Distilled classifier scores by category (both heads)
| Category | Codex | Gemma |
|---|---|---|
| Metaresearch | 0.001 | 0.001 |
| Meta-epidemiology (narrow) | 0.001 | 0.000 |
| Meta-epidemiology (broad) | 0.001 | 0.001 |
| Bibliometrics | 0.000 | 0.000 |
| Science and technology studies | 0.000 | 0.000 |
| Scholarly communication | 0.001 | 0.001 |
| Open science | 0.001 | 0.000 |
| Research integrity | 0.001 | 0.002 |
| Insufficient payload (model declined to judge) | 0.002 | 0.001 |
Machine scores (provisional)
The two teacher heads of the student model, read on this work. A score orders the frame for review; it never asserts a category, and the validation status ships verbatim with every row.
Baseline scores from an immature model (maturity gate not passed, 7 training rounds). Scores rank; they never assert a category.
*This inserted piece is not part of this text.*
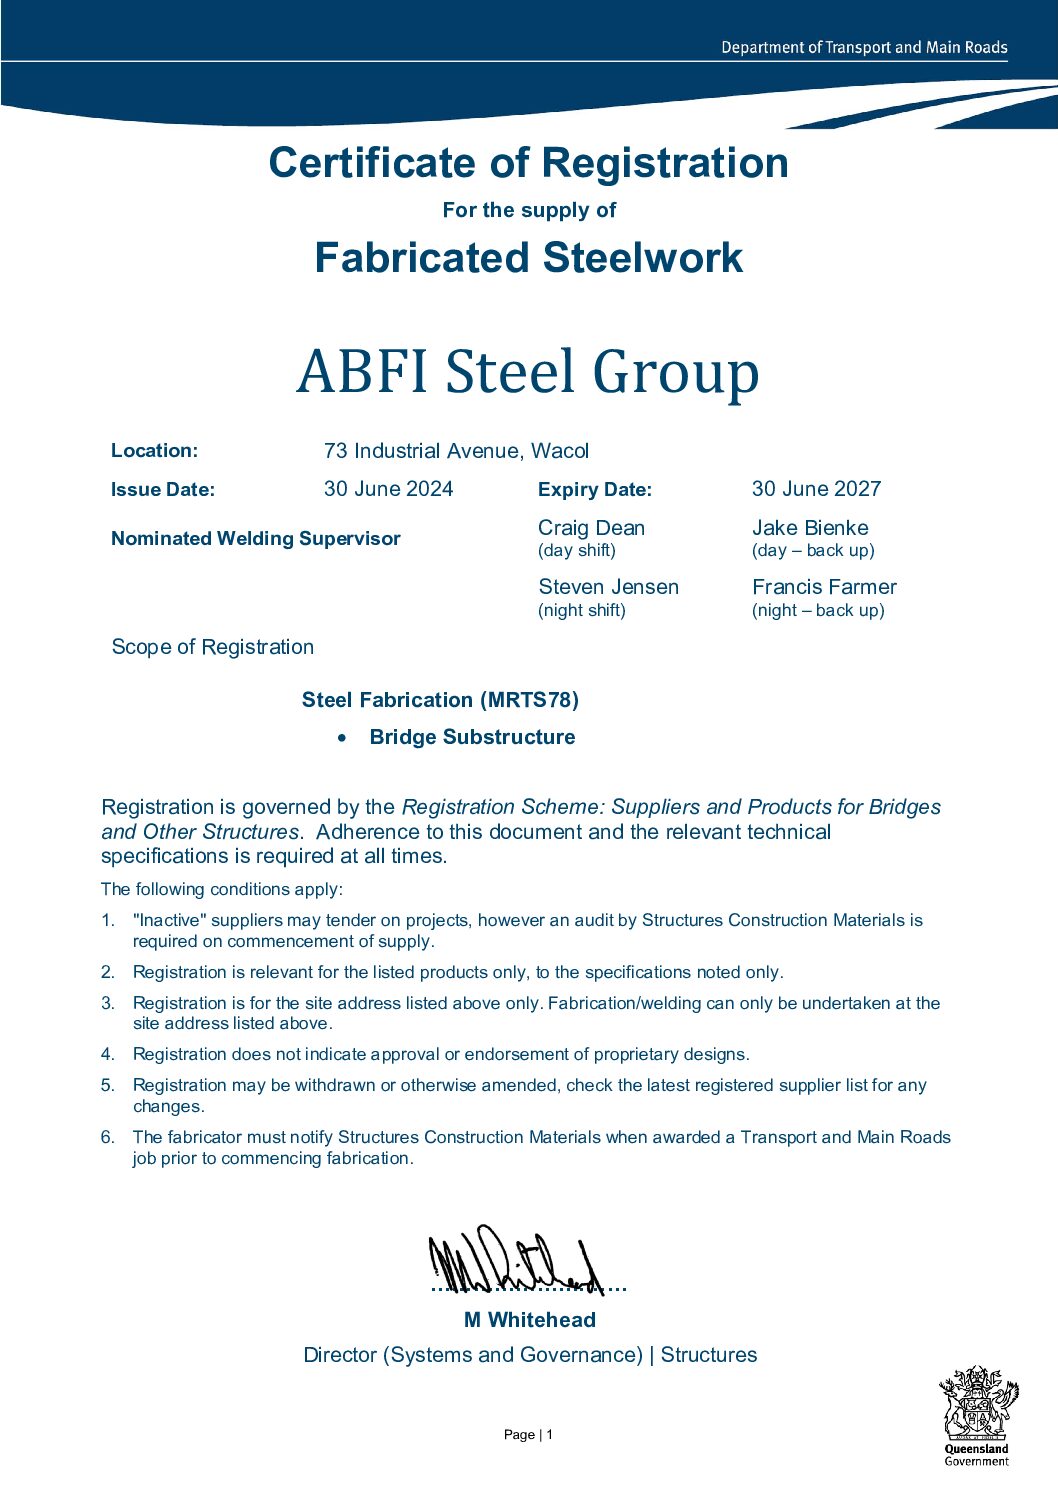 ABFI Steel - Minor Certificate til Jun 2027
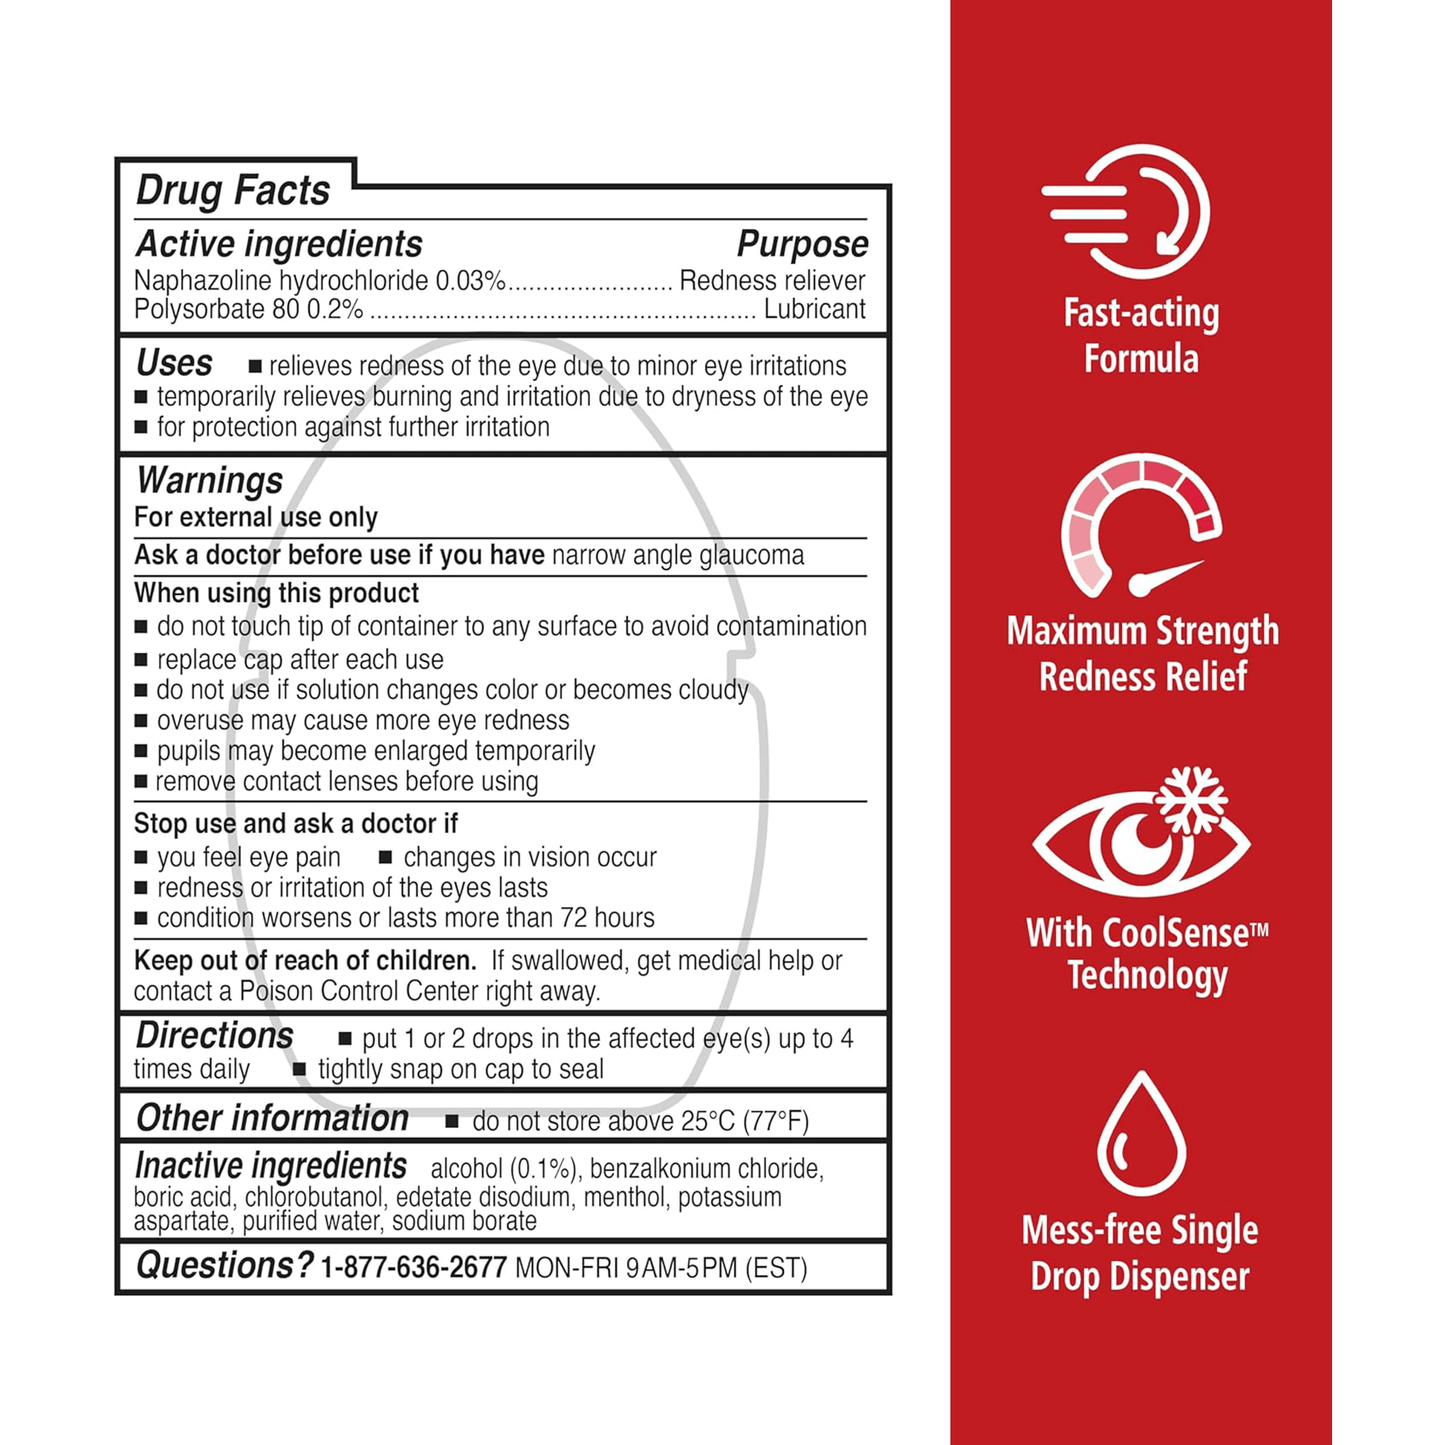 Rohto ®️ Cooling Eye Drops Max Strength • Eye Drops Against Red Eyes, Dry Eyes & Irritated Eyes • 1x13ml

score_only:v0-immature-baseline · verbatim from the scoring run: score_only means the number may rank works, and no category label ships from itClassification
machine, unvalidatedMachine predicted; a candidate call from one source (direct Gemma or distilled Codex), not a consensus.
How this classification was reached, model by model and score by score, is at the end of the page under "How this classification was reached".